Однако, как известно, незнание или
непонимание каких-либо законов не освобождает от последствий их
применения. А не понимает С. Манн вместе с военными экспертами, на
рекомендации которых опирается, весьма и весьма существенные вещи.
Во-первых, обращаясь к динамическим
системам (их еще называют диссипативными), он отбрасывает «за
ненадобностью» фундаментальнейшее свойство их существования —
удаленность от равновесного состояния. Другими словами, это движущиеся,
изменяющиеся системы, и это движение имеет направление, которое может
быть определено в терминологии первого и второго законов термодинамики:
а) в сторону понижения внутренней энергетики (внутренней напряженности)
систем и б) в сторону уменьшения их сложности. Или иначе, никакого
вечного перехода от одной метастабильности к другой не существует: хаос
накапливается и в конечном итоге приводит к полной деструкции системы,
то есть перенесение методологии войны в политику ведет к тому, что
политика превращается в «войну до победного конца».

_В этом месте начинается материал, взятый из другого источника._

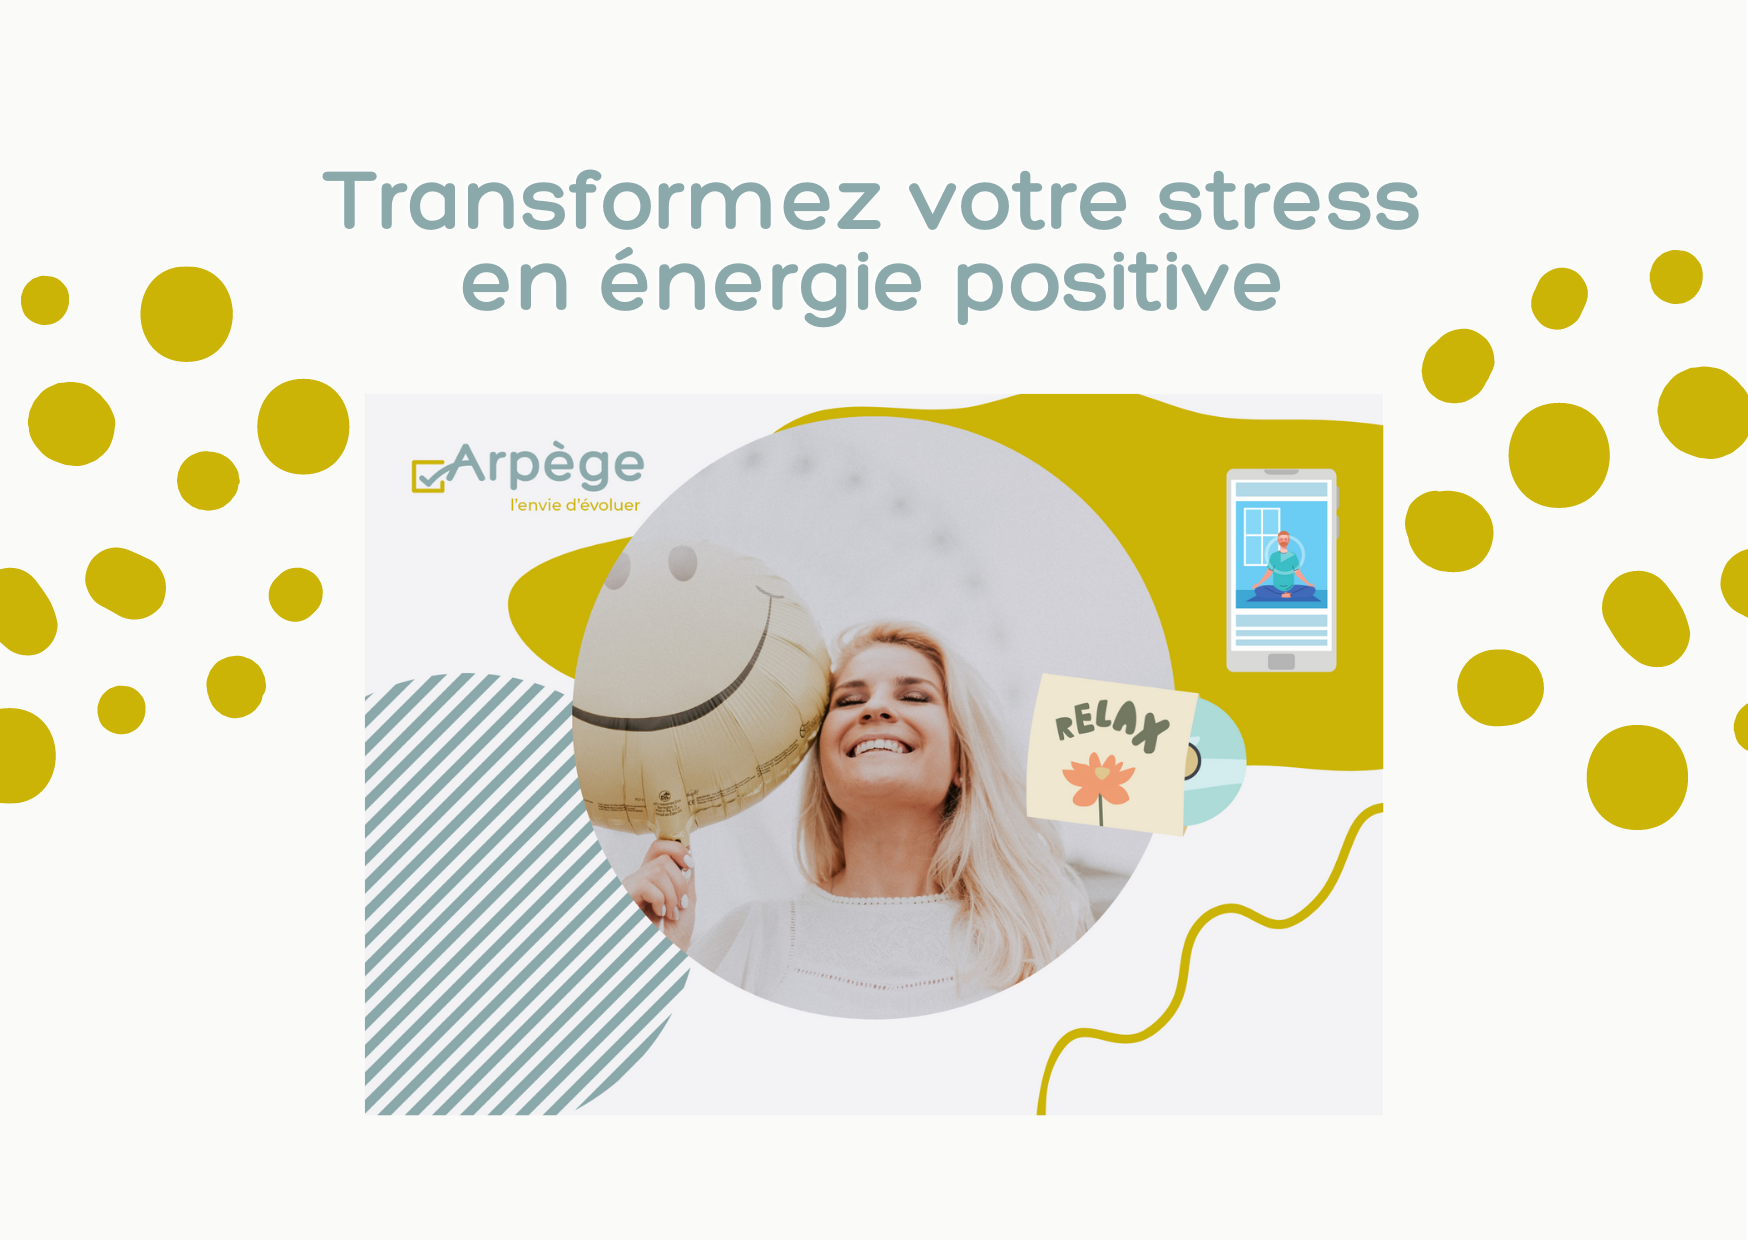 Lire la suite à propos de l’article Transformez votre stress en énergie positive ! 💪

Во-вторых, хаос с точки зрения теории, к
которой апеллирует С. Манн, это не только и не столько структурное
упрощение системы, сколько потеря предсказуемости поведения как ее самой
в целом, так и каждой из её составляющих в отдельности (потеря
информации о системе). Поэтому тактика, в которой накопление
хаоса сделано основой управления системой, в конечном итоге делает ее
полностью неуправляемой. Для войны, целью которой является уничтожение
противника, подобное приемлемо, для «глобальной политической стратегии» —
катастрофично, кем бы она ни осуществлялась.
В-третьих, кризис не является
инструментом управления самоорганизацией. Он возникает, когда
динамическая система, являющаяся открытой (т.е. существующей благодаря
материальному, энергетическому, информационному обмену с окружающей
средой), исчерпывает себя или оказывается лишенной источников
жизнеобеспечения. И чем значимее для нее эта потеря, тем глубже кризис.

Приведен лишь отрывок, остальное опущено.